++++ DATA EXTRACT

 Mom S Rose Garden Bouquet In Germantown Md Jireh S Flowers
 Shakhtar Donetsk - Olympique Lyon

++++++++
++++ DATA EXTRACT

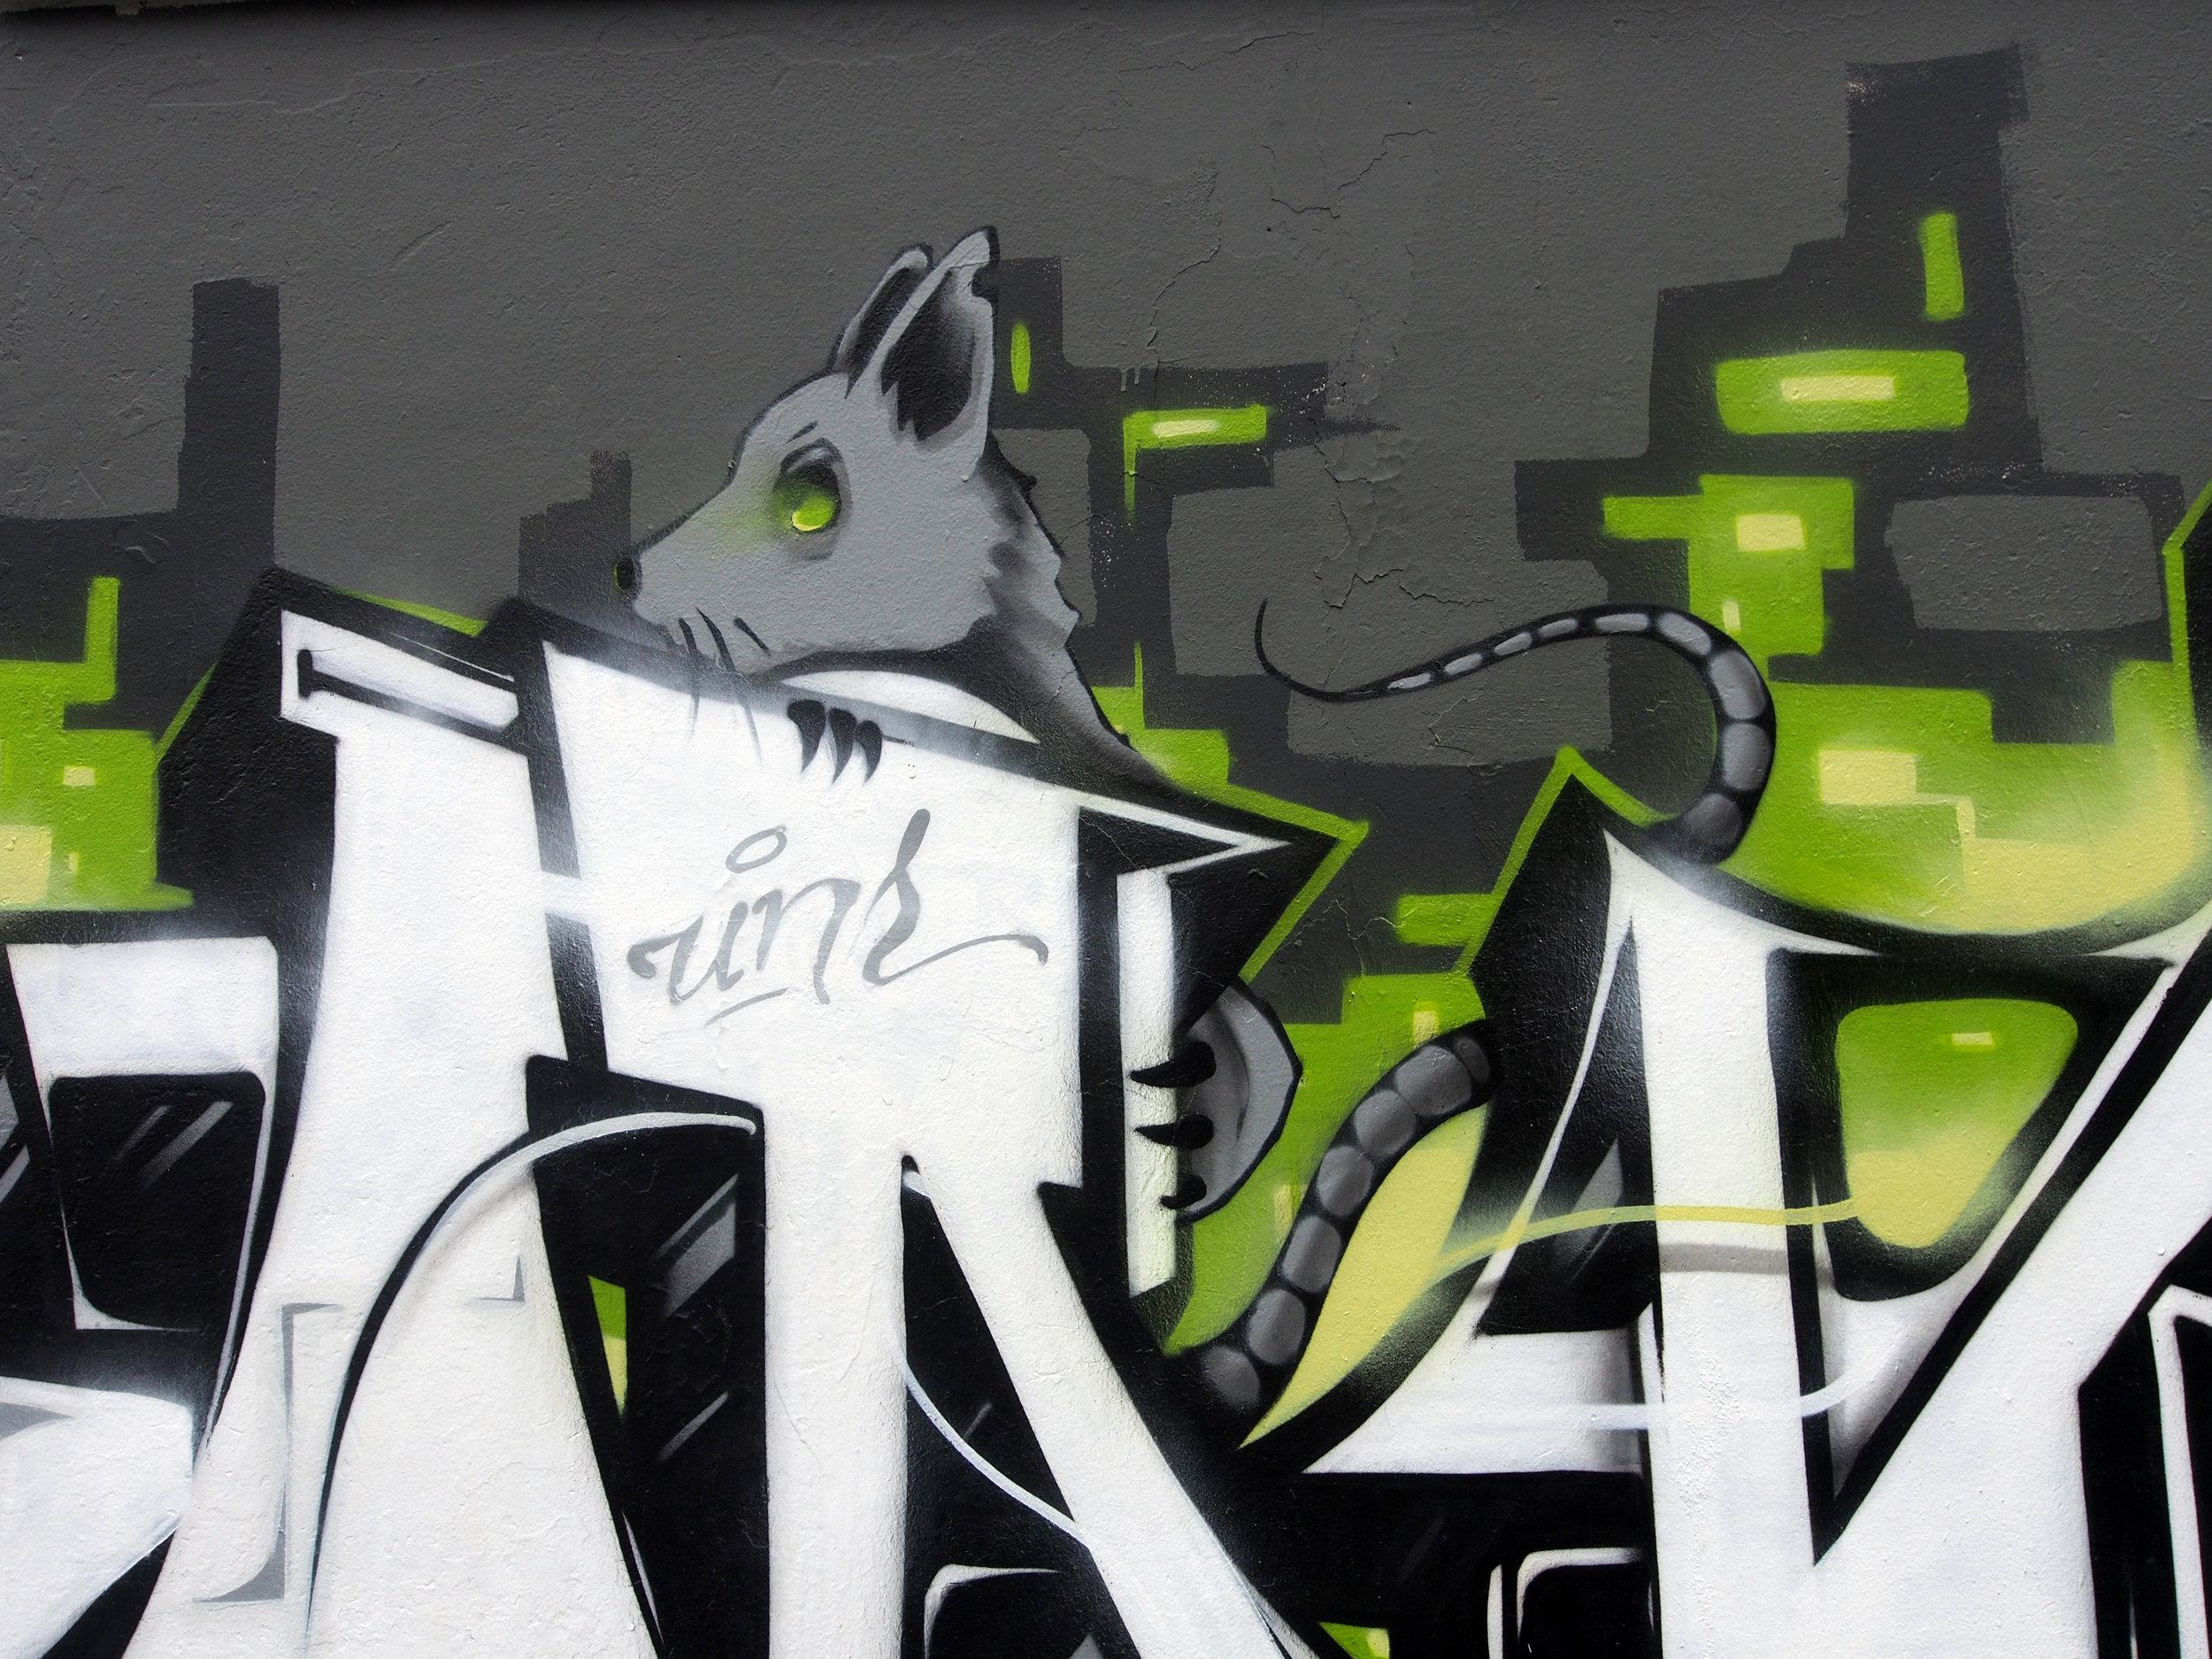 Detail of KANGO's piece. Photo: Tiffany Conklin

++++++++
++++ DATA EXTRACT

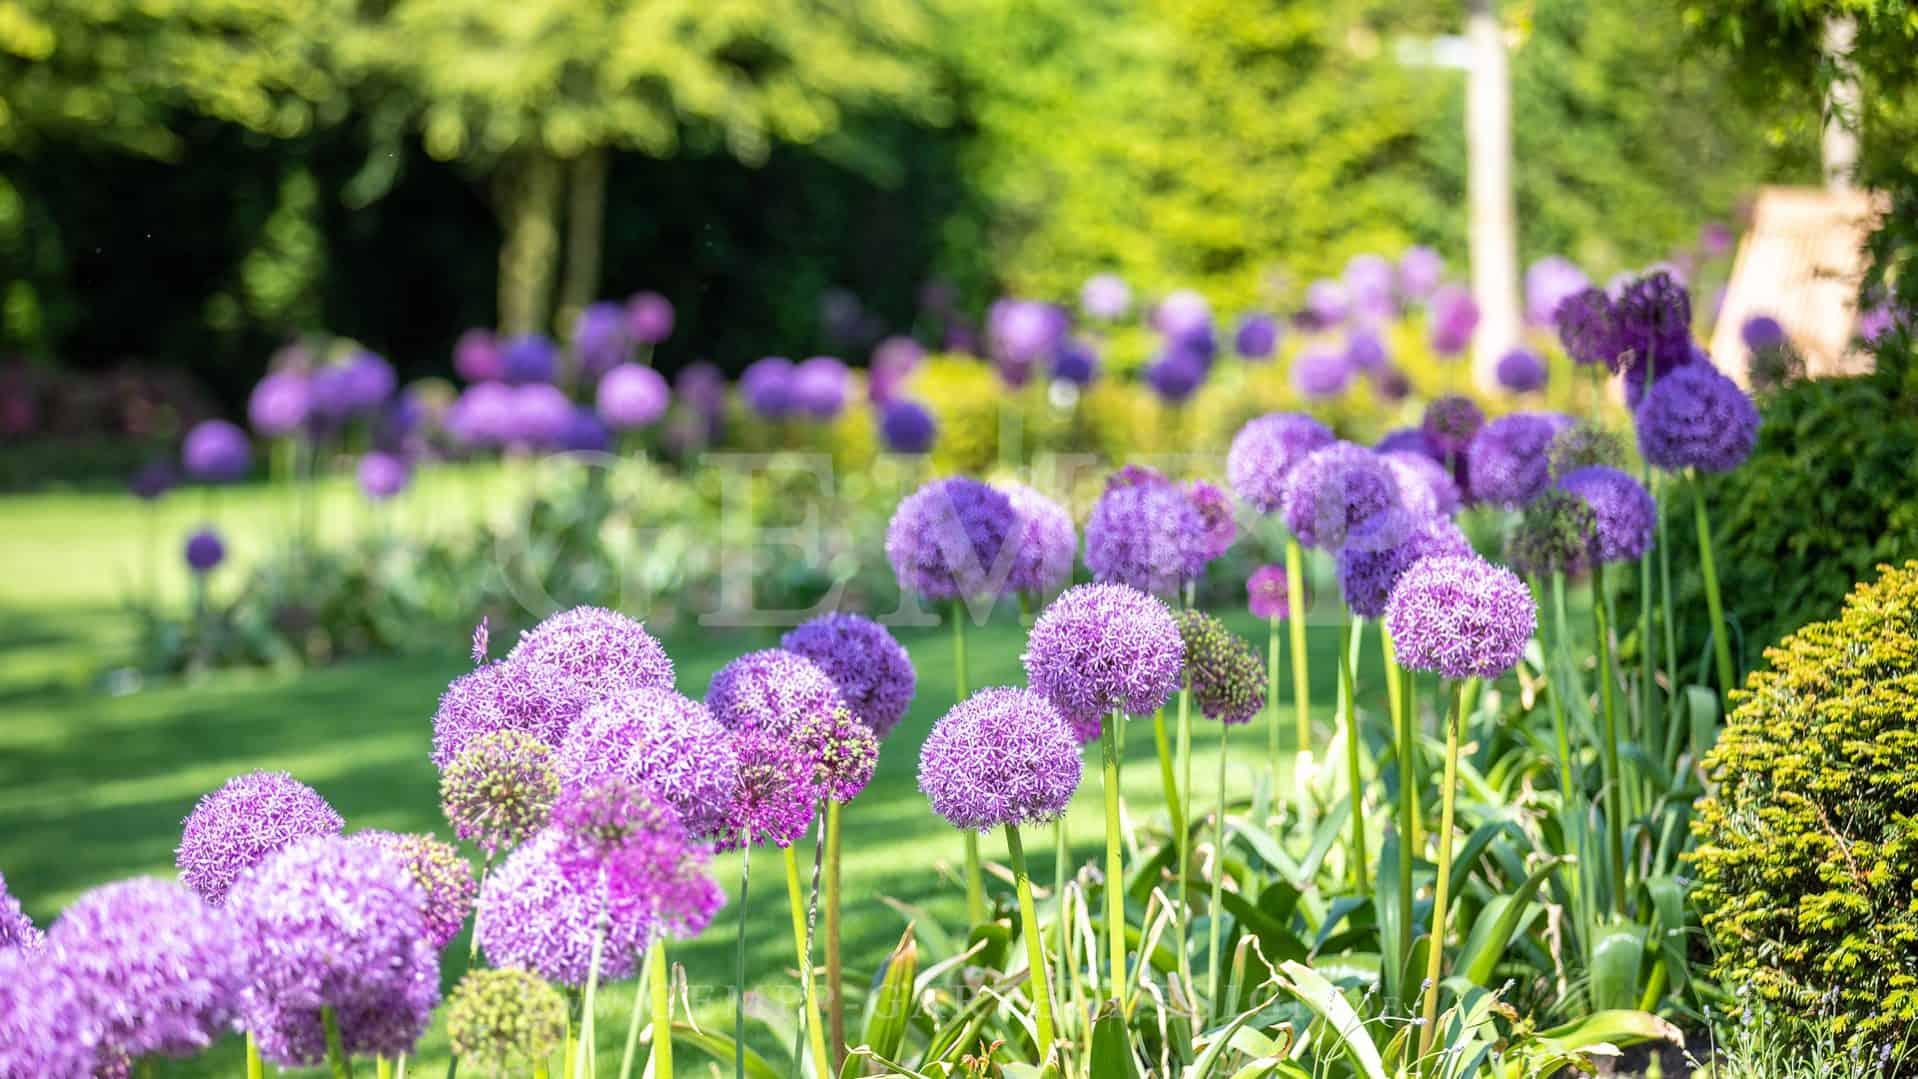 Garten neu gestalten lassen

++++++++

### PROBLEM
In the listing above, find the line containing "Mom S Rose Garden" and the line containing "Shakhtar Donetsk - Olympique Lyon", then retype both and every line between them exactly, with nothing else.

### TASK RESULT
 Mom S Rose Garden Bouquet In Germantown Md Jireh S Flowers
 Shakhtar Donetsk - Olympique Lyon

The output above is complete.